Bootloader FAQ

From PhatHack Wiki
Jump to navigation Jump to search

When the EP7312 chip boots up, it starts executing code at 0x00000000, which is where the Flash ROM is located in memory. The bootloader is a custom piece of code that handles verifying the signatures of the hard drive as well as several files on the PHTSYS partition, and then it loads the linux kernel and ramdisk and continues on with the boot process.

code outline

In more detail, here is an outline of what the bootloader does:

error(n) will be shorthand for "flash green LED n times and then start flashing it forever and hang"
code begins at 0x00000000 (flashrom start)
Initialize CPU state (enable MMU, enter supervisor mode)
copy first 0x5000 (20K) of code into external SDRAM, starting at 0xC0005000
jump to 0xC0005000

initialize UART1, set to 115200 8N1
initialize system registers: SYSCON[123], MEMCFG[12], PADDR, PADR, PEDDR, PEDR
intialize beginning of ram (0xC0000000+0x4000) to some bizzarro table of unknown purpose :)

Turn on green LED

Reset IDE drive 0, enable read look-ahead (caching)
Read partition table, or error(6)

Check partition table for 0xAA55 magic code, or error(7)

Check partition 1's drive type and make sure it's either 0x1B or <= 0x11 (?), or error(8)

Read partition 1 boot sector, or error(9)

Check bootsector  for 0xAA55 magic code, or error(10)
Read in info from bootsector

BOOT0:
Read drive model and serial (using ATA IDENTIFY command)
Write "BOOT0-0 OK" to bootloadlog
Read drive signature from last sector before partition 1 starts
Log "BOOT0-1 OK" if this succeeds, otherwise write "BOOT0-1 Failed" and error(11)
  
Verify drive model and serial against drive signature sector
Log "BOOT0 Successful" if this succeeds, otherwise write "BOOT0-2 Failed" and jump back to start of BOOT0
 
BOOT9:
Verify signature of "rc.sh" against "rc.sig"
Log "BOOT9 Successful" or "BOOT9-X Failed" and jump back to BOOT0
 
BOOTB:
Verify signature of "phatd" against "phatd.sig"
Log "BOOTB Successful" or "BOOTB-X Failed" and jump back to BOOT0

BOOTF:
Load "linux" (kernel) into memory at 0xC0038000
Verify kernel against "linux.sig"
Log "BOOTF Successful" or "BOOTF-X Failed" and jump back to BOOT0

BOOT*:
Load "ramdisk" into memory at 0xC0C00000
Verify ramdisk against "ramdisk.sig"
Log "BOOT* Successful" or "BOOT*-X Failed" and jump back to BOOT0
 
Turn off green LED

Clear out memory at 0xC0023000  + 0x4000
Write kernel boot param struct at 0xC0023000
(command line = "init=/bin/bash")

Jump to kernel!

bootload.log

If you are having trouble with your PhatBox refusing to boot, PhatNoise kindly provided an undocumented way for us to gain insight into the booting process.

Create a non-empty file called "bootload.log" on the PHTSYS partition of the drive; copying over my 90k phatbox.ini file worked for me.
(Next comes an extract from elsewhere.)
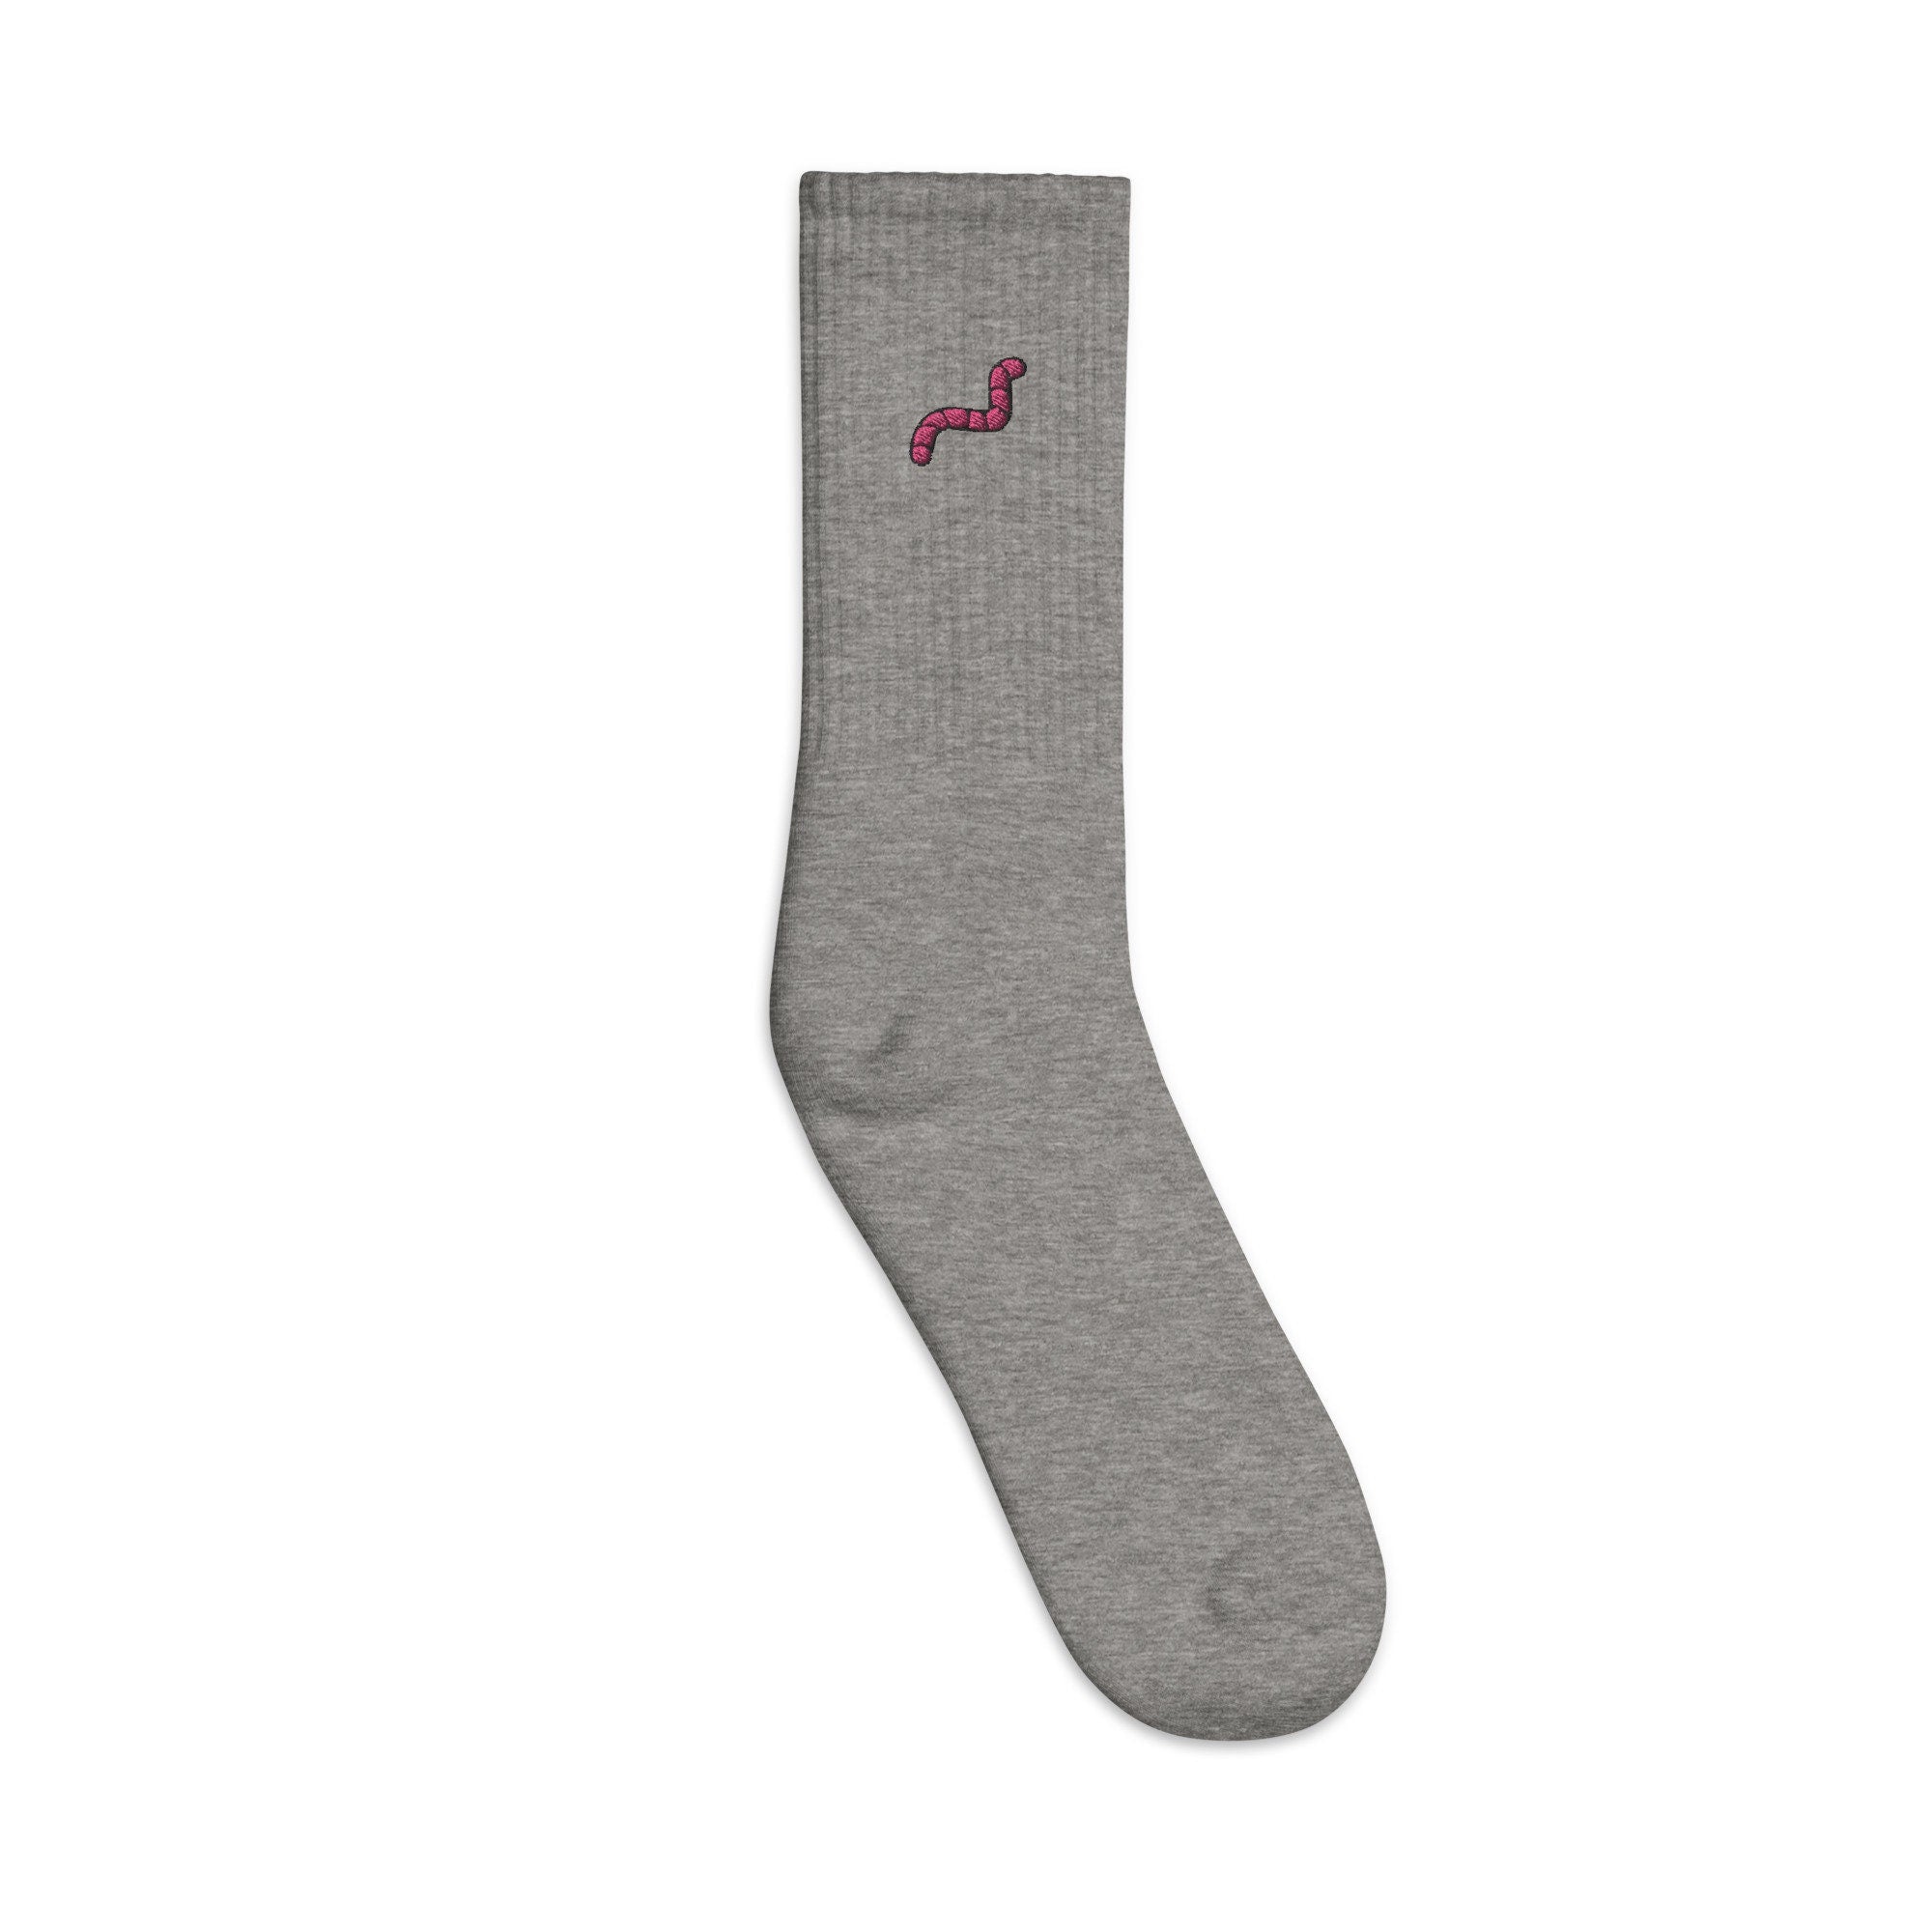 Worm Embroidered Socks, Premium Embroidered Socks, Long Socks Gift - Multiple Colors

The contents are not important; they will be erased.

When the device boots (or tries to boot), if it finds this file it will write out status information to this file.

A successful boot looks like this:

BOOT0-0: OK
BOOT0-1: OK
BOOT0: Successful
BOOT9: Successful
BOOTB: Successful
BOOTF: Successful
BOOT*: Successful 

This indicates:

  • BOOT0-0: OK - successfully executed IDE IDENTIFY to read serial and model from drive hardware - if this fails, you get no bootload.log at all
  • BOOT0-1: OK - Read in the drive signature sector , Failed: Could not read sector from drive
  • BOOT0: Successful - signature verified with drive serial and model, or BOOT0-2: Failed
  • BOOT9: verified rc.sh
  • BOOTB: verified phatd
  • BOOTF: loaded/verified linux (kernel)
  • BOOT*: loaded/verified ramdisk

An example of a failed boot attempt:

BOOT0-0: OK
BOOT0-1: OK
BOOT0-2: Failed 

That occurred when I tried to replace my drive's signature, and the signature check failed. At this point, that is what you should expect to see on any other hard drive placed into the system.